Comment by doctorpangloss

Comment by doctorpangloss 2 days ago

I really like the Hugging Face guys, but...

> Modify one thing at a time

> Change only one variable per ablation while keeping everything else constant. If you change multiple things and performance improves, you won’t know what caused it. Test modifications individually, then combine successful ones and reassess.
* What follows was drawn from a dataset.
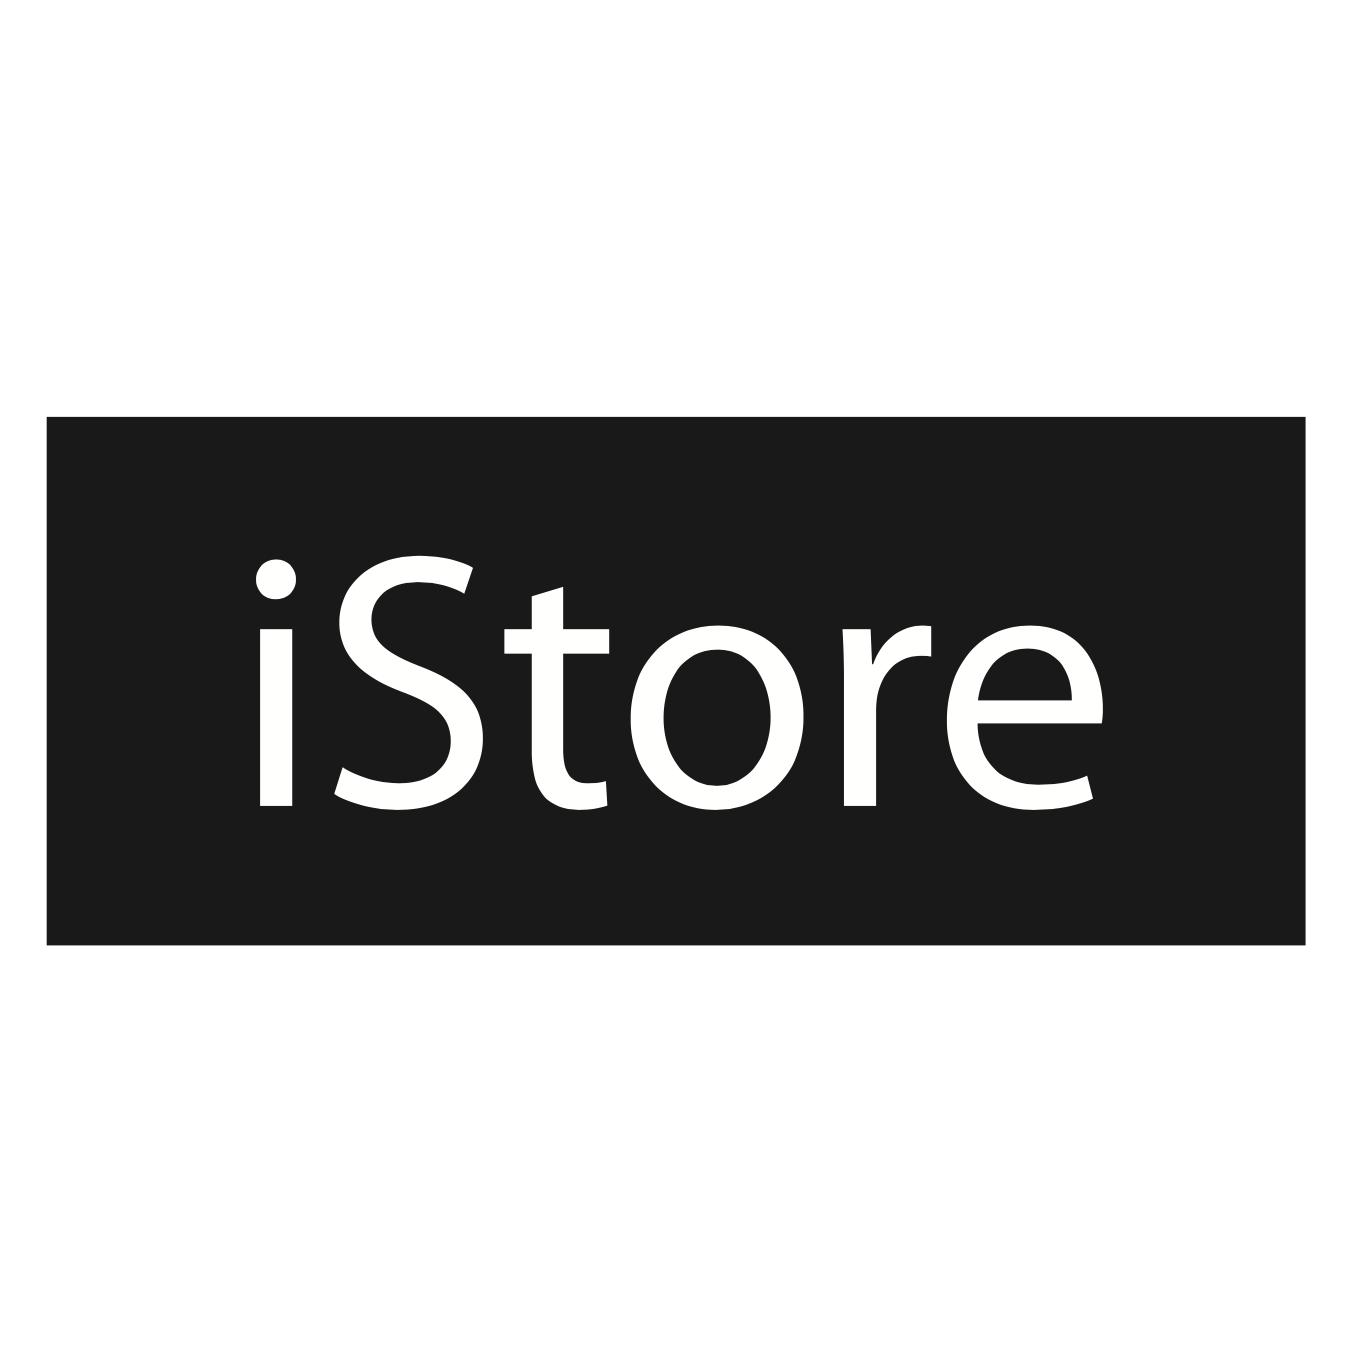 24-inch iMac with Retina 4.5K display | Apple M1 Chip | 7 core GPU | 256GB | Silver
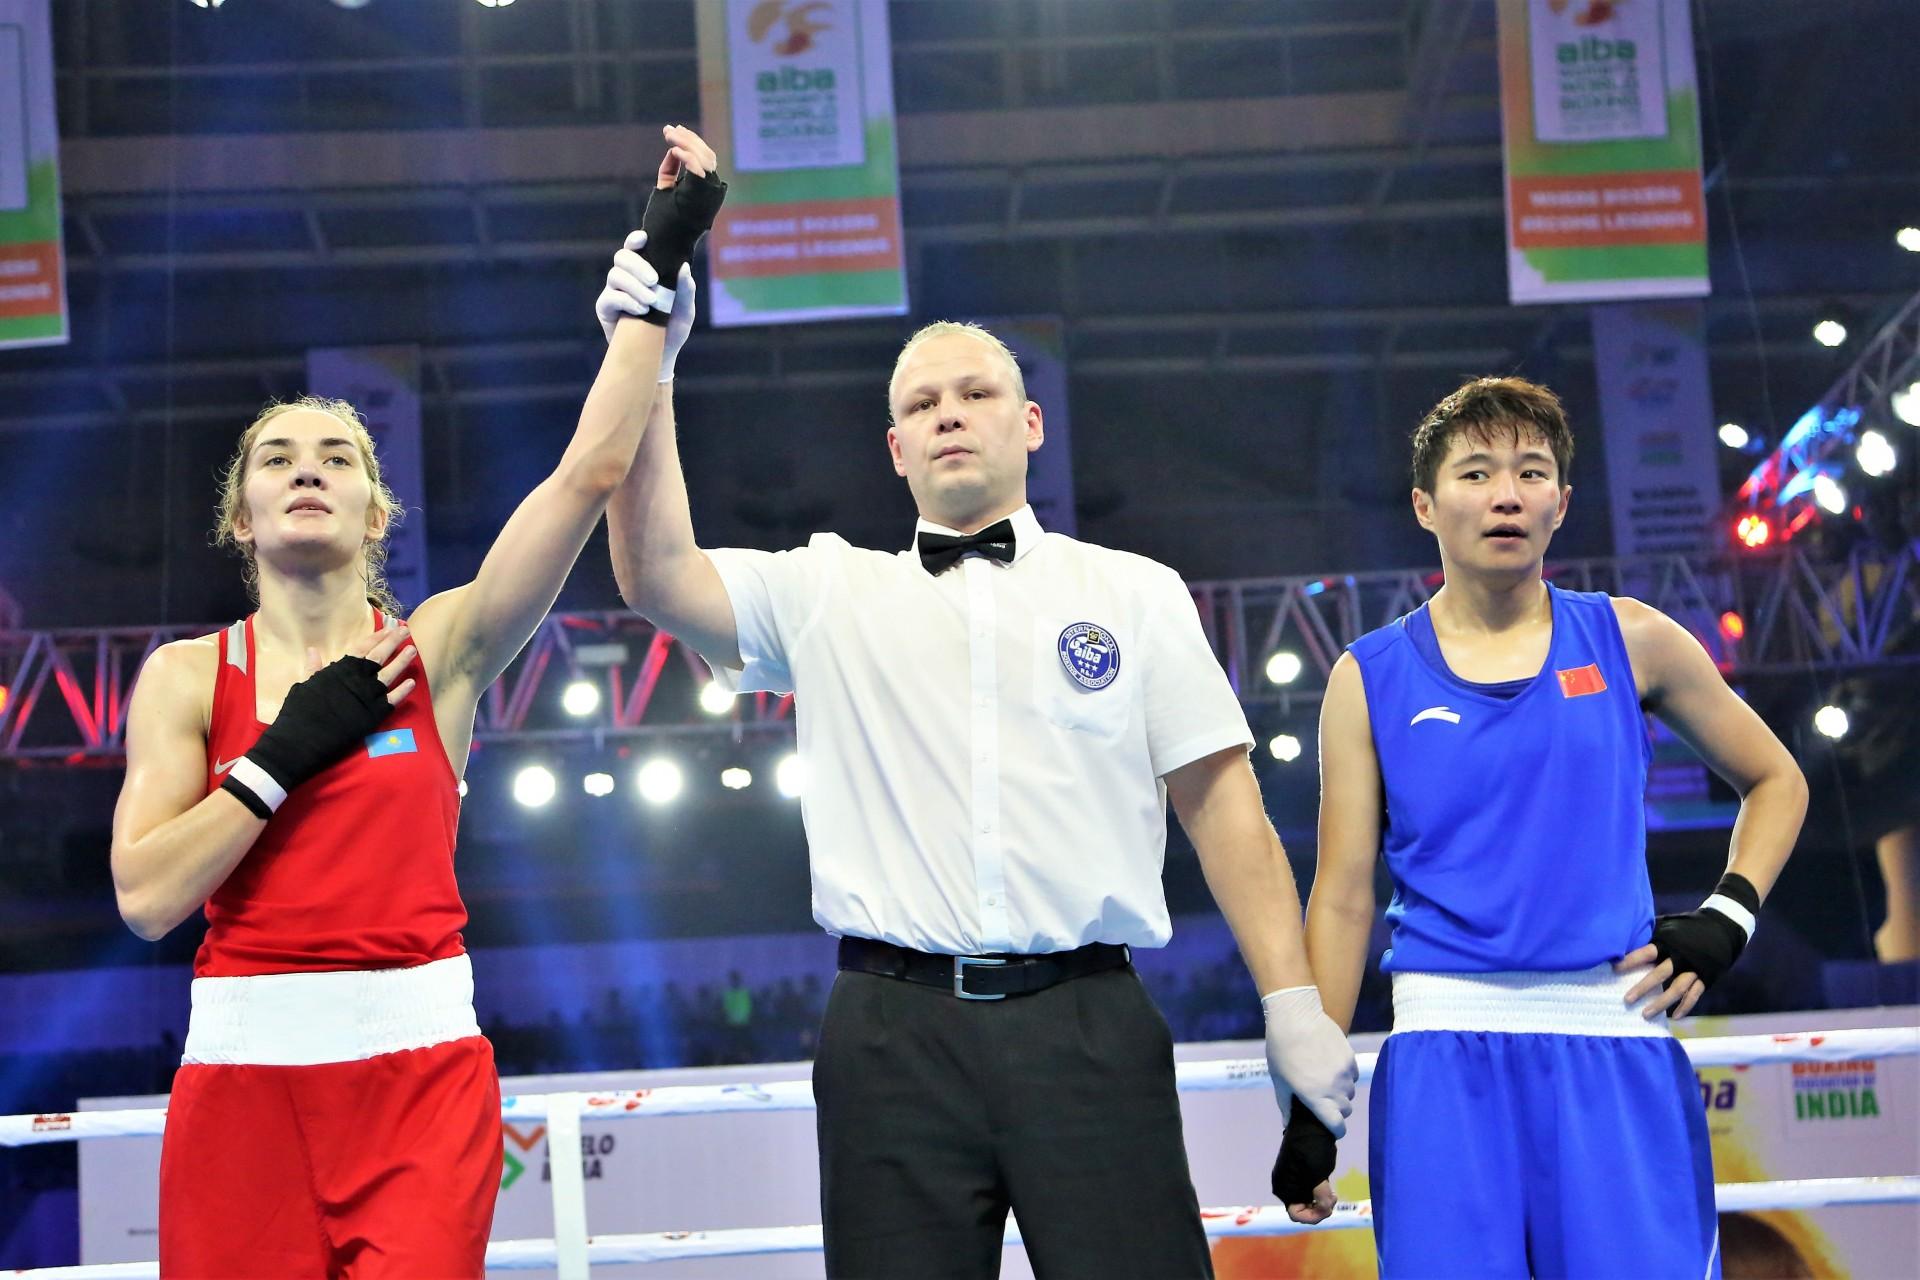 Карина Ибрагимова завоевала бронзу на чемпионате мира по боксу

This is an unintentional microcosm of what is flawed with the document.

CamperBob2 2 days ago

What's wrong with it? That's good advice in almost any optimization or troubleshooting context where variables may interact.

Reply View 4 replies

yorwba 2 days ago

One problem with testing one change at a time is that if you can only run a small number of experiments because each one requires many GPU hours to get results, you can also only test a small number of changes. If you can come up with and implement new changes much more easily than you can test them, it would be more efficient to test multiple changes at a time and use some form of Bayesian optimization to find the best combination of changes with as few experiments as possible.

Reply View | 2 replies
- ImageXav 2 days ago
  
  Agreed. One at a time testing (OAT) has been outdated for almost a century at this point. Factorial and fractional factorial experiments have been around for that long and give detailed insights into the effect of not just single changes but the interaction between changes, which means you can superpower your learnings as many variables in DL do in fact interact.
  Or, more modern Bayesian methods if you're more interested in getting the best results for a given hyperparameter sweep.
  However, that is not to detract from the excellent effort made here and the great science being investigated. Write ups like this offer so much gold to the community.
  
  Reply View | 0 replies
- empiko 2 days ago
  
  The number of runs you can afford are not enough to perform Bayesian optimization. Count how many different options they explored in the text and take a guess how many samples you need to start modeling the hyperparameter space.
  
  Reply View | 0 replies
doctorpangloss 2 days ago

It’s advice for being an individual contributor, not a researcher.
And even then. If you’re an IC and your boss is saying, “incrementalism at the level of planning experiments,” and the goal is research, quit, because you will fail.

Reply View | 0 replies